Warren’s three older brothers wound up in prison too but he avoided trouble thanks in large part to his mother — who is the main reason he’s long resisted the allure of pro boxing. Eight years ago he pledged he would someday drape an Olympic medal over her head and he wants to keep that promise.

“Because of the struggle me and my mom went through, getting this gold medal is going to complete my trophy case,” Warren says of his mother, who had a difficult upbringing. “I’m going to put the medal around her neck so I can get over that hump and then continue to do what I’m doing for her by going pro.

“She’s one of my main supporters.”

So far, the two have known only disappointment in the Olympics. In 2004, fighting as a light flyweight, the smallest of the Olympic divisions, Warren was routed by China’s Zou Shiming in the opening round. Then four years later in Beijing, where he was a medal favorite, Warren lost his opening flyweight (112 pounds) bout to South Korea’s Lee Ok-Sung by a point after mistakenly thinking he was ahead on the judges’ scorecards with less than a minute left.

He broke down after the fight but the next morning he was in the gym, encouraging the rest of the team. In an individual sport such as boxing, it was an uncommon display of humility and camaraderie.

“I’m team captain,” he said then. “And my team isn’t done.”
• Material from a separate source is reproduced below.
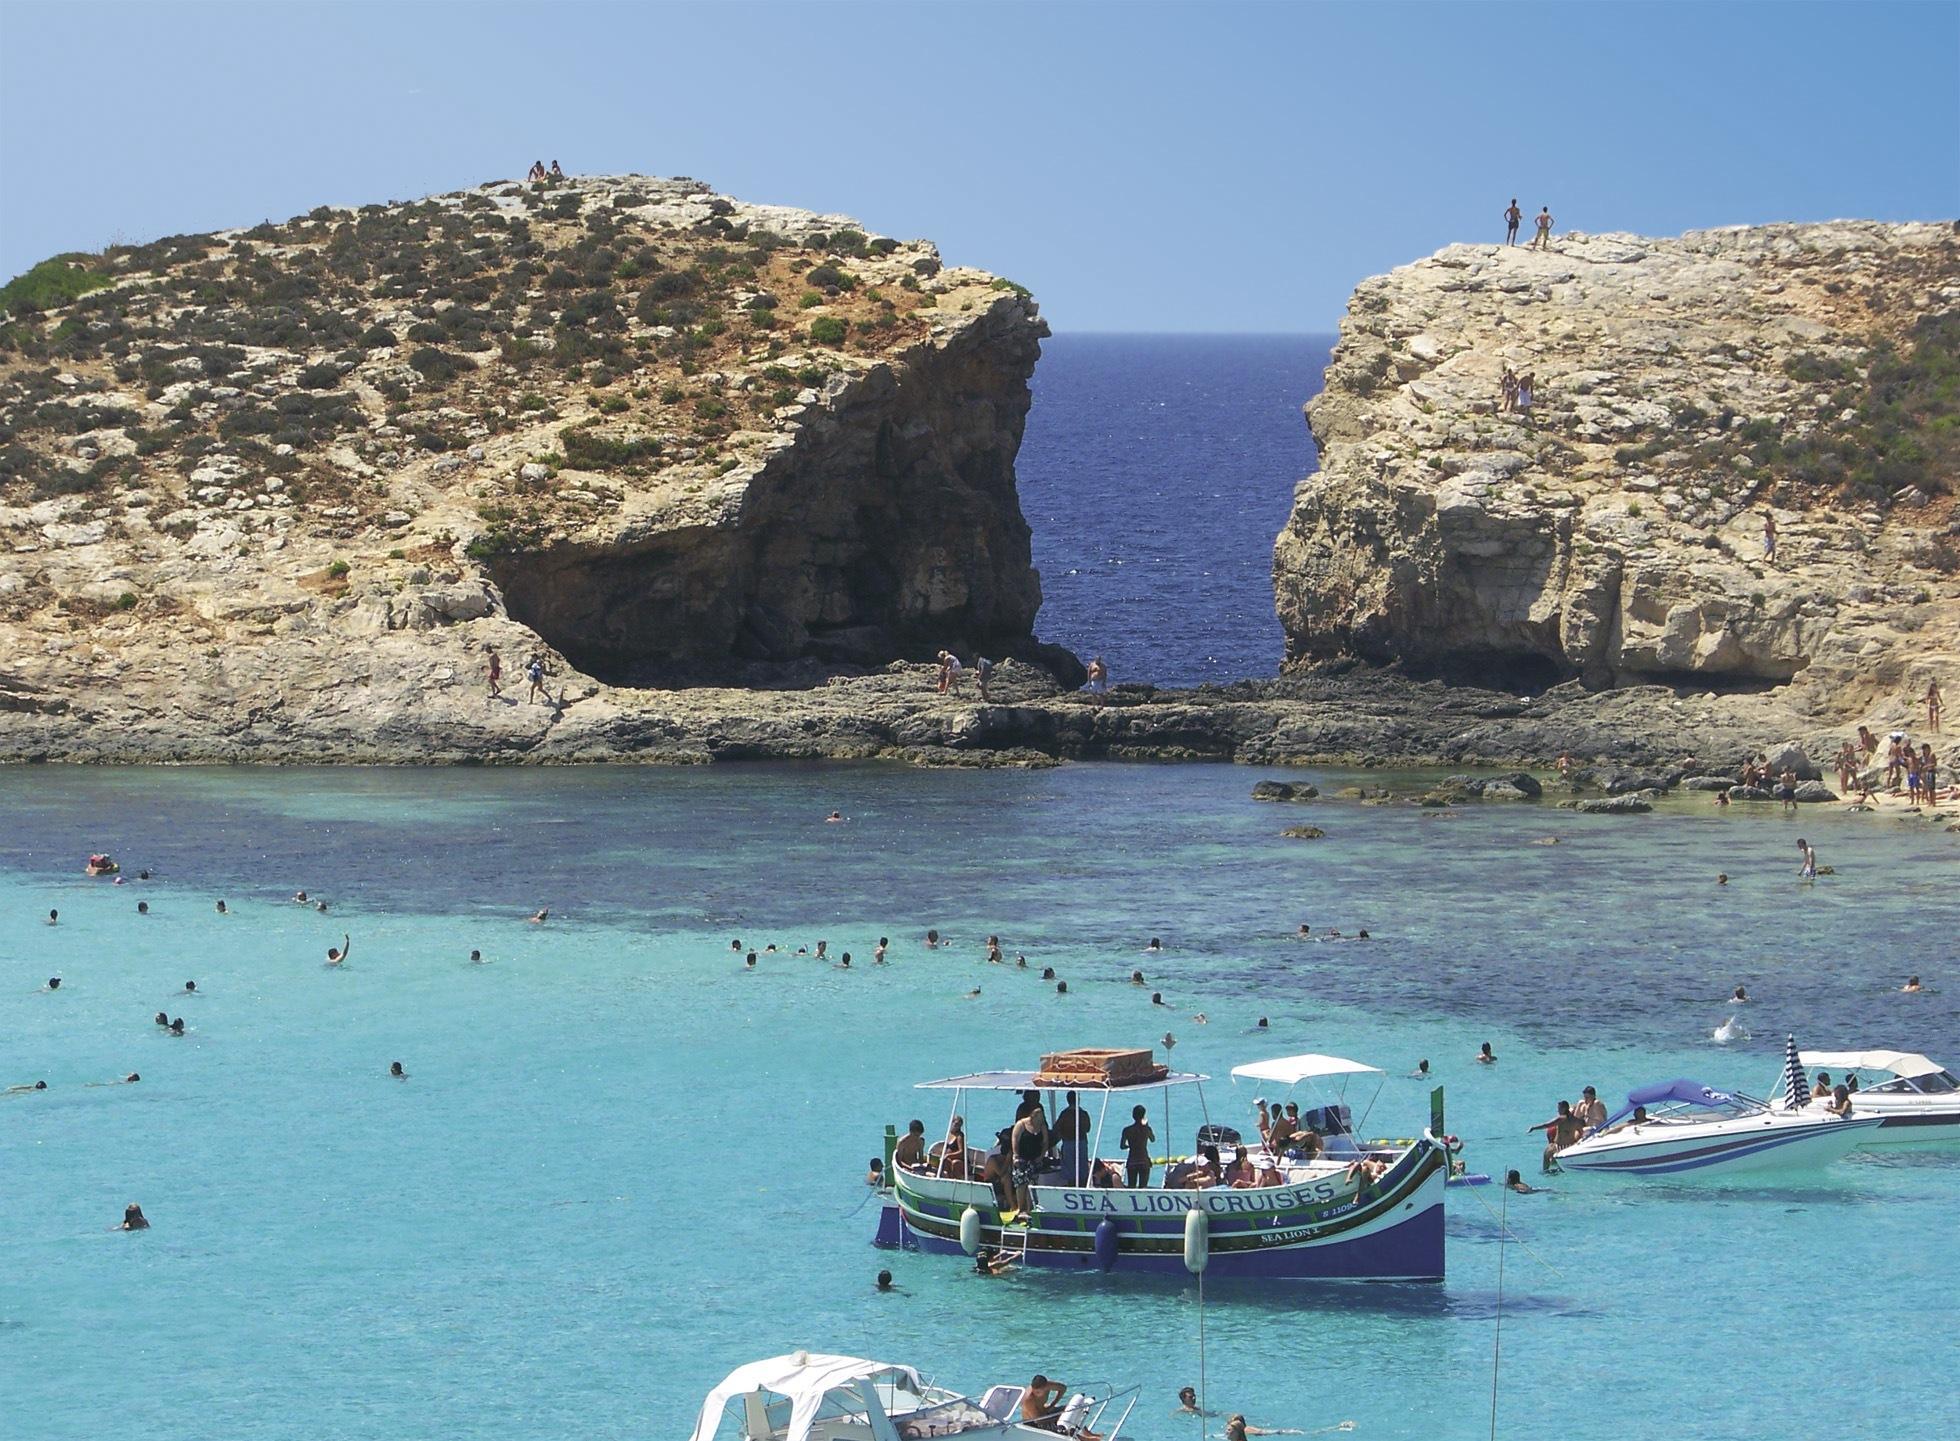 青く澄み渡る地中海

That kind of responsibility is something Warren continues to take seriously. Although still only 25, he is the veteran of a young U.S. team and hasn’t been shy about sharing his wisdom.

“He tells me everything, man,” says South El Monte teenager Joseph Diaz Jr., a bantamweight. “He teaches me a lot, especially when we spar. Just sparring by itself, it helps me because I know that nobody’s going to be as fast as Rau’shee Warren.

“Rau’shee is my role model. And I believe he’s everybody else’s role model.”

Adds welterweight Errol Spence: “He is like the grandfather of the team.”

Warren’s latest project is 17-year-old middleweight Claressa Shields, who will be fighting in the first Olympic competition for women.

“I keep telling her there are very few people in the world who know what it’s like to go to the Olympics at 17,” says Julie Goldsticker, USA Boxing’s public relations consultant and the only member of the team who has been there longer than Warren.

But in addition to leading by both word and deed, teammates say Warren helps keep the mood light away from the ring. He’s silly and playful, they say. And don’t even get him started on dancing.

In London he’ll be all business, though, seeking to end his Olympic drought against a competitive field expected to include AIBA world champion Misha Aloyan of Russia, 2011 European champion Andrew Selby of Britain and 2010 Euro winner Elvin Mamishzade of Azerbaijan. And though he’s still fighting as a flyweight, the limit for the division has been raised to 114 pounds, meaning Warren will be competing at his third different Olympic weight.

And should he prevail, there will be tears in his corner again. In Beijing, they were tears of disappointment, but Goldsticker says a medal in London will bring tears of joy — and not just from Warren.

“He’s endured a lot. And his current teammates adore him and want so badly for him to finally win the Olympic medal he’s been dreaming about,” she says. “I even daydream about him winning a gold medal. He really deserves it.”